I was born in Casablanca, Morocco, a country where traditional arts and crafts are of great diversity and multifaceted wealth.
Since my childhood I have always been attracted to drawing—reproducing all that which commands my interest or concern. And my attraction to design, fashion, and art has doubtless come from this.
With drawing I steadily developed a sense of observation, centered on forms, volumes, shapes, and colors, but with a particular and keen attention for details. I still keep a large stack of images which inspire me every single day.
I studied the art of crafting a piece of Haute Couture clothing at the Paris-based Ecole de la Chambre Syndicale de la Couture. And the stay in Paris has left a strong cultural impression on me.
But my sensibility is drawn, above all, by the magnificent and elegant Moroccan caftans, which are made up of deftly and finely embroidered precious fabrics.
One of these embroideries, born from needle-point lace, has particularly so inspired me that it has naturally led me to create a line of jewelry which takes up this ancestral know-how in a new and unprecedented manner.
Combining Moroccan and European influences, the jewel is the product of a unique blend which reflects the two cultures and their mutually complementary universes, where I grew up.
Every item is entirely hand-made and then minutely embroidered. Each item thus takes between five and twenty-five hours of work—labor which confers on the artifact all of its value.
Produced in extremely limited quantity, the jewel fully expresses its uniqueness.
«Any renewal, any modernity must necessarily transit by tradition», according to Farid Belkahia, a contemporary Moroccan artist, adding that «every individual has his own history and diversity is a treasure to be cherished»
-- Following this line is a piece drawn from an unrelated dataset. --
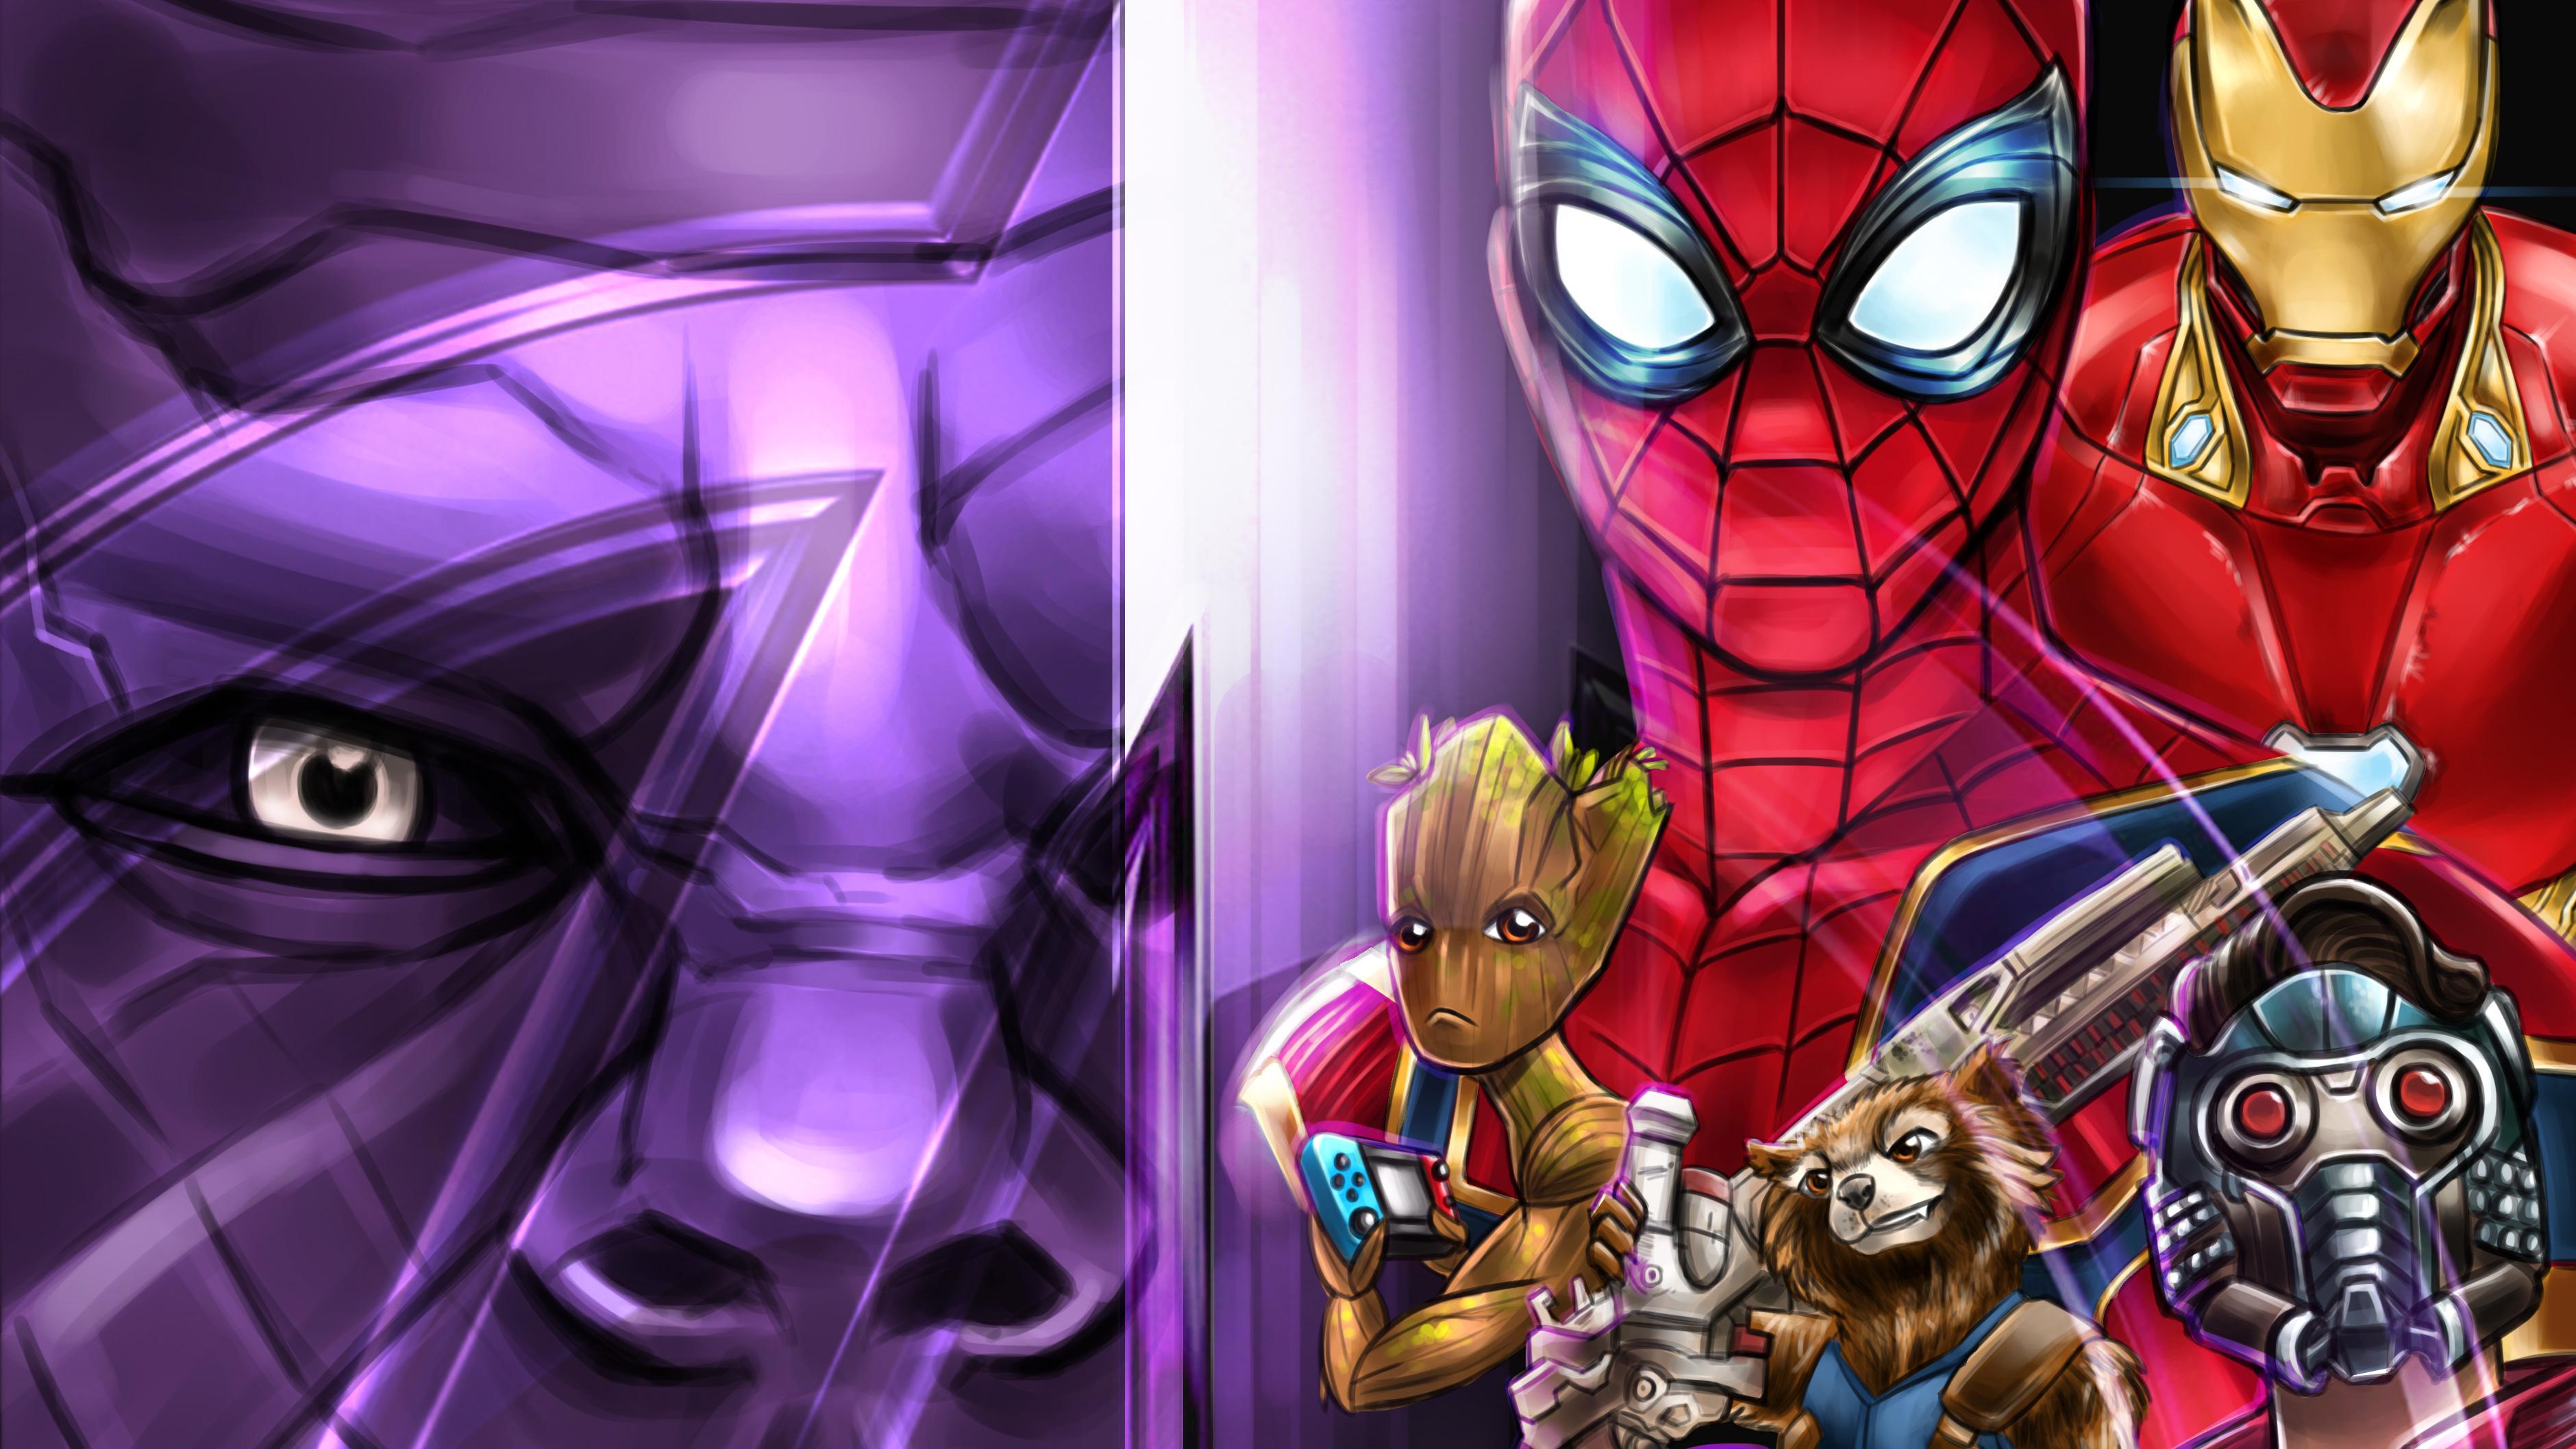 Officedetourismescaer Avengers Animated Wallpaper Android

A butterfly, as a symbol of ephemeral nature that is continually renewed, constitutes an inexhaustible source of inspiration, as well as a plethora of unparalleled forms and colors.
Henri Matisse «Laurette with turban and yellow jacket». After his two stays in the city of Tangier, this 1917 portrait reflects Matisse’s perennial interest in the East.
Zellige, baked clay mosaic wholly hand-crafted is an aspect of traditional Moroccan craft industry with geometrically complex and visually captivating shapes. (Medersa Fès – XIVth century)
Paul klee’s watercolors made during his 1914 Tunisia trip will make of him a pioneer of the Abstract Art. In this country, a new kind of geometry, inspired by kairouanese carpets patterns, was born under his brushes. «Colour possesses me, i don’t need to catch it anymore»
Romeo Gigli, an italian designer from the 80’s, and his immoderate taste for ethnic jewellery and traditional embroidery. He was associating with great talent, rich and rare materials, which defined a pictorial and poetic fashion.
Gustav klimt’s rich decoration pops out in 1905’s «The expectation», an ornamental tree of life made during an intense period of creativity called «The gold cycle».
“Moroccan embroidery impregnated by Arab, Amazigh, and Andalusian cultures is rich in diversity as each city has its own and perfectly identifiable style. (the upper facet of a chest – Rabat XIXth century).